━━ Data shown
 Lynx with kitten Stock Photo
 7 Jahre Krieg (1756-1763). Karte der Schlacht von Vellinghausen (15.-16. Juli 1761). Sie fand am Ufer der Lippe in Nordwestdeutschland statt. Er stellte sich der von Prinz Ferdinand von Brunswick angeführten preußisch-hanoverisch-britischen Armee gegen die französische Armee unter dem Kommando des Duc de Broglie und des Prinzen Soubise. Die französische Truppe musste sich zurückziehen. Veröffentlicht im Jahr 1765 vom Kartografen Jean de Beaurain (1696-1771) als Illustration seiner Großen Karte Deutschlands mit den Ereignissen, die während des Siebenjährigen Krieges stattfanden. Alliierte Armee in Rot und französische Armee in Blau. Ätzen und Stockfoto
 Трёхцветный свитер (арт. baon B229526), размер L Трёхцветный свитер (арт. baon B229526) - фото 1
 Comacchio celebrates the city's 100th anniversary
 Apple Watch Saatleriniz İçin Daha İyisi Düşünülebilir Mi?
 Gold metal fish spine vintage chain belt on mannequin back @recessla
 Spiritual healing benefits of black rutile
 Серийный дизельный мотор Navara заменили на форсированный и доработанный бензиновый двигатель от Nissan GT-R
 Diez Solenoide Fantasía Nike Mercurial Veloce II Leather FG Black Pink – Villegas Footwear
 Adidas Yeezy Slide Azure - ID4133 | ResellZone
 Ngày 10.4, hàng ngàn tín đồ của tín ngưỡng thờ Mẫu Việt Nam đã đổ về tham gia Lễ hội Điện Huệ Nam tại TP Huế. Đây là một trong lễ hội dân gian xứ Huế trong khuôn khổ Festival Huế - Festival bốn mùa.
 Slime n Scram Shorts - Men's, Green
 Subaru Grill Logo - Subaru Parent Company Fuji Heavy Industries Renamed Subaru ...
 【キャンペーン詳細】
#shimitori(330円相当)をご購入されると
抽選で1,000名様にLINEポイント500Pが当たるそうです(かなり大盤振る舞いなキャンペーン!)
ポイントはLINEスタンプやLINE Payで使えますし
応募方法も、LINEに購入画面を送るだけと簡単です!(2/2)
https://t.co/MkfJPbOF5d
━━━━
Task statement - The full set of lines above should be retyped without a single change.

Answer area -
 Lynx with kitten Stock Photo
 7 Jahre Krieg (1756-1763). Karte der Schlacht von Vellinghausen (15.-16. Juli 1761). Sie fand am Ufer der Lippe in Nordwestdeutschland statt. Er stellte sich der von Prinz Ferdinand von Brunswick angeführten preußisch-hanoverisch-britischen Armee gegen die französische Armee unter dem Kommando des Duc de Broglie und des Prinzen Soubise. Die französische Truppe musste sich zurückziehen. Veröffentlicht im Jahr 1765 vom Kartografen Jean de Beaurain (1696-1771) als Illustration seiner Großen Karte Deutschlands mit den Ereignissen, die während des Siebenjährigen Krieges stattfanden. Alliierte Armee in Rot und französische Armee in Blau. Ätzen und Stockfoto
 Трёхцветный свитер (арт. baon B229526), размер L Трёхцветный свитер (арт. baon B229526) - фото 1
 Comacchio celebrates the city's 100th anniversary
 Apple Watch Saatleriniz İçin Daha İyisi Düşünülebilir Mi?
 Gold metal fish spine vintage chain belt on mannequin back @recessla
 Spiritual healing benefits of black rutile
 Серийный дизельный мотор Navara заменили на форсированный и доработанный бензиновый двигатель от Nissan GT-R
 Diez Solenoide Fantasía Nike Mercurial Veloce II Leather FG Black Pink – Villegas Footwear
 Adidas Yeezy Slide Azure - ID4133 | ResellZone
 Ngày 10.4, hàng ngàn tín đồ của tín ngưỡng thờ Mẫu Việt Nam đã đổ về tham gia Lễ hội Điện Huệ Nam tại TP Huế. Đây là một trong lễ hội dân gian xứ Huế trong khuôn khổ Festival Huế - Festival bốn mùa.
 Slime n Scram Shorts - Men's, Green
 Subaru Grill Logo - Subaru Parent Company Fuji Heavy Industries Renamed Subaru ...
 【キャンペーン詳細】
#shimitori(330円相当)をご購入されると
抽選で1,000名様にLINEポイント500Pが当たるそうです(かなり大盤振る舞いなキャンペーン!)
ポイントはLINEスタンプやLINE Payで使えますし
応募方法も、LINEに購入画面を送るだけと簡単です!(2/2)
https://t.co/MkfJPbOF5d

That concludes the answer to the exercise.